Restate all of the following data exactly, keeping any images out of the copy.
** INFORMATION SUPPLIED follows **
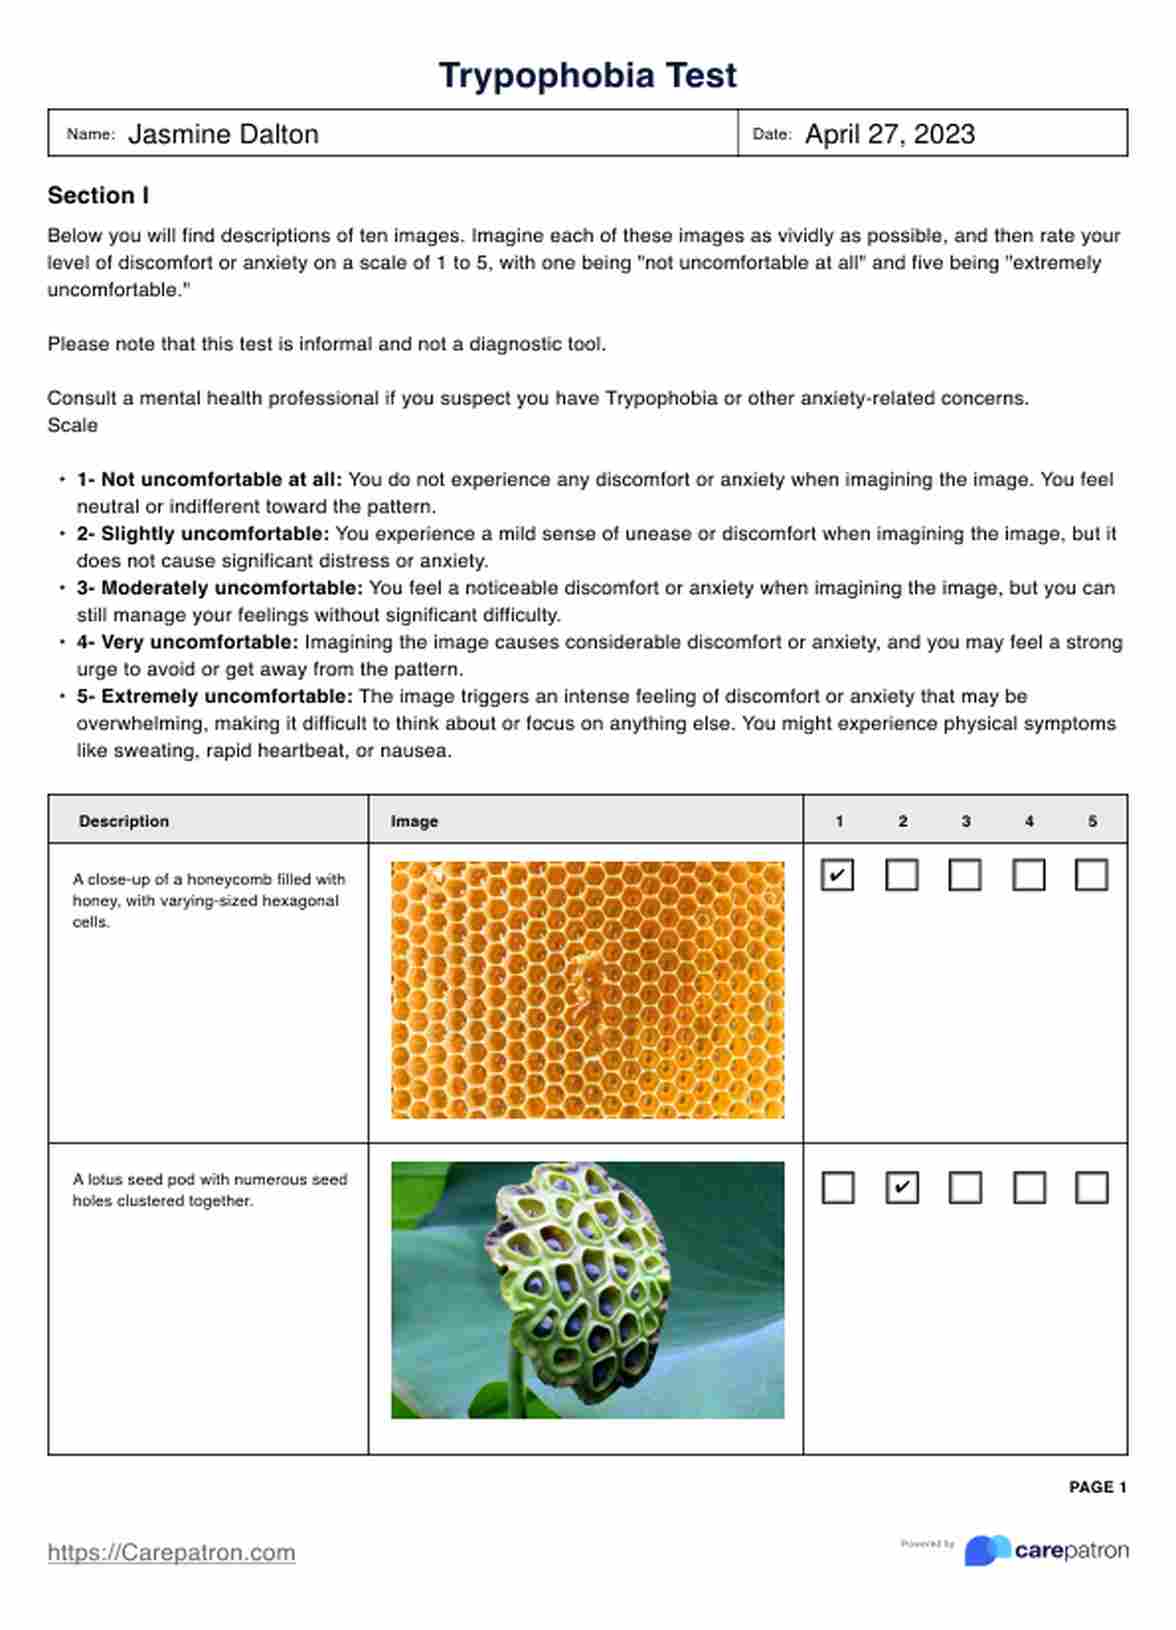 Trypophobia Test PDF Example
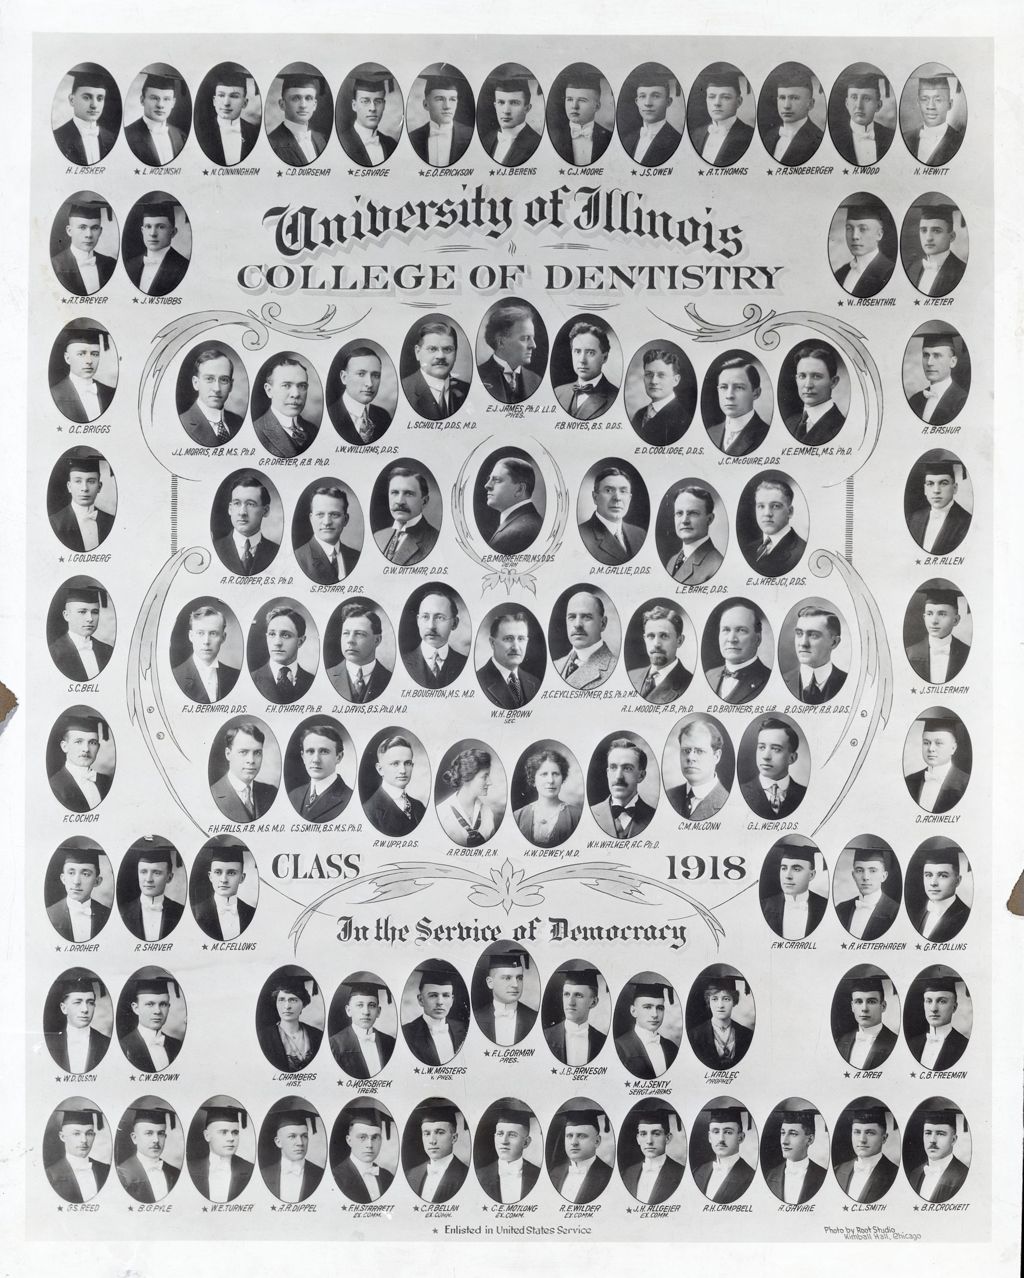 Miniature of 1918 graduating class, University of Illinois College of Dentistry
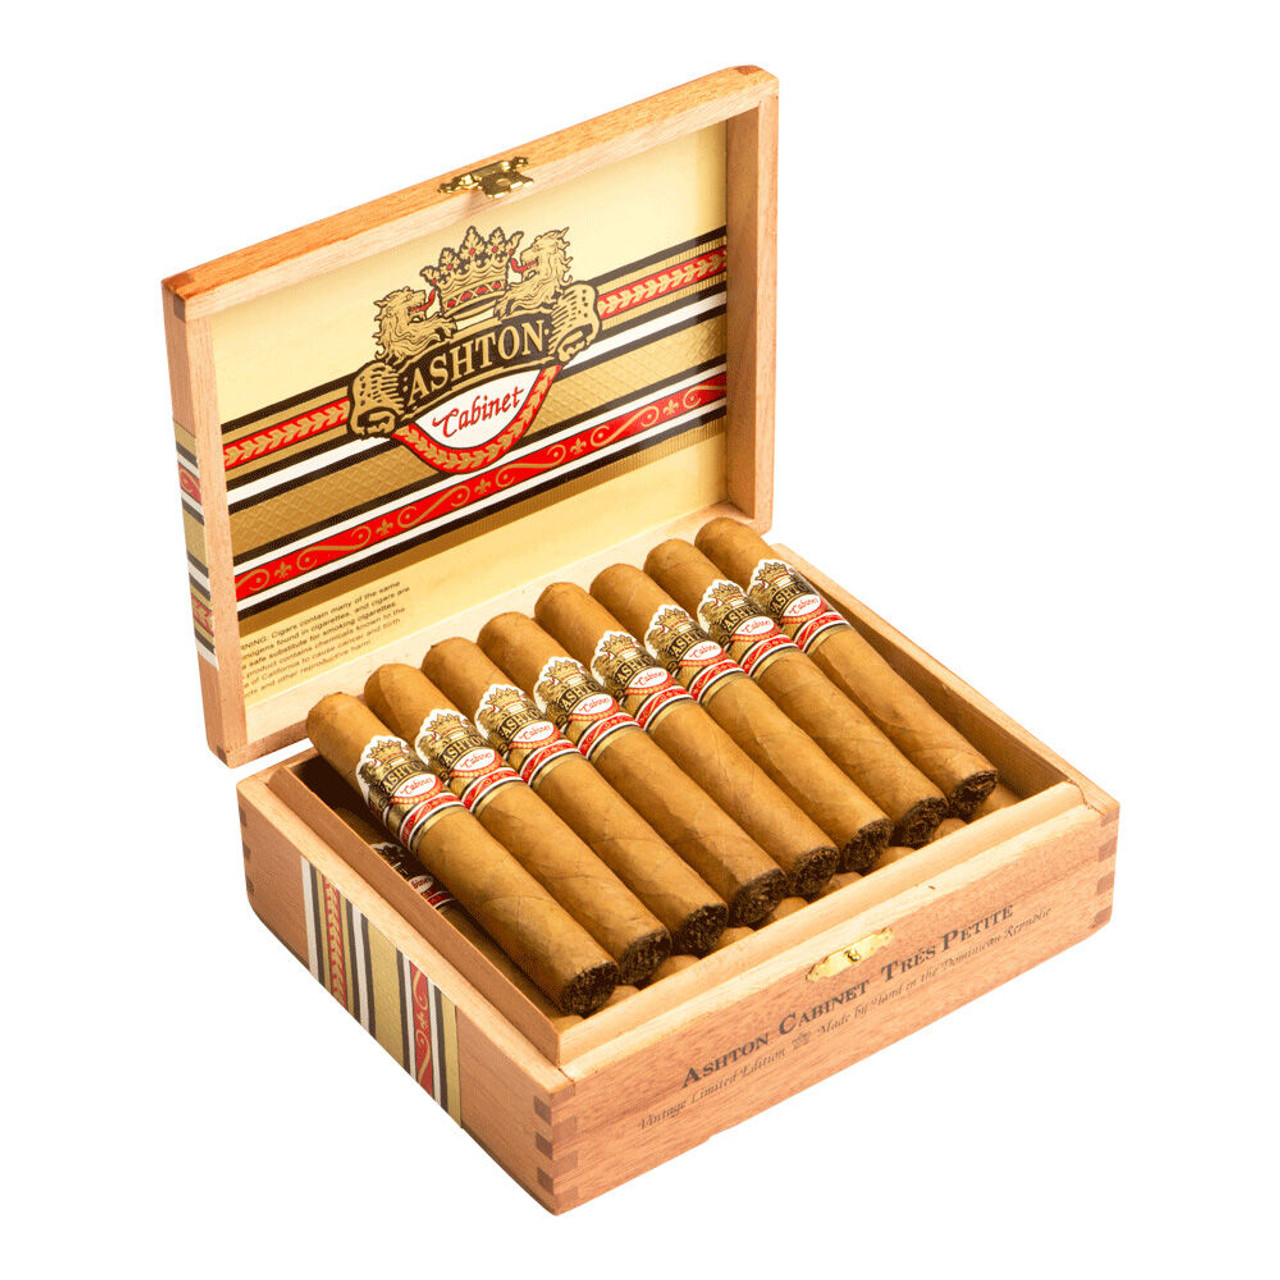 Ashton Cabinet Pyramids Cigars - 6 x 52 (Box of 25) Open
** End of INFORMATION SUPPLIED **
* RESULT OF THIS TASK
 Trypophobia Test PDF Example
 Miniature of 1918 graduating class, University of Illinois College of Dentistry
 Ashton Cabinet Pyramids Cigars - 6 x 52 (Box of 25) Open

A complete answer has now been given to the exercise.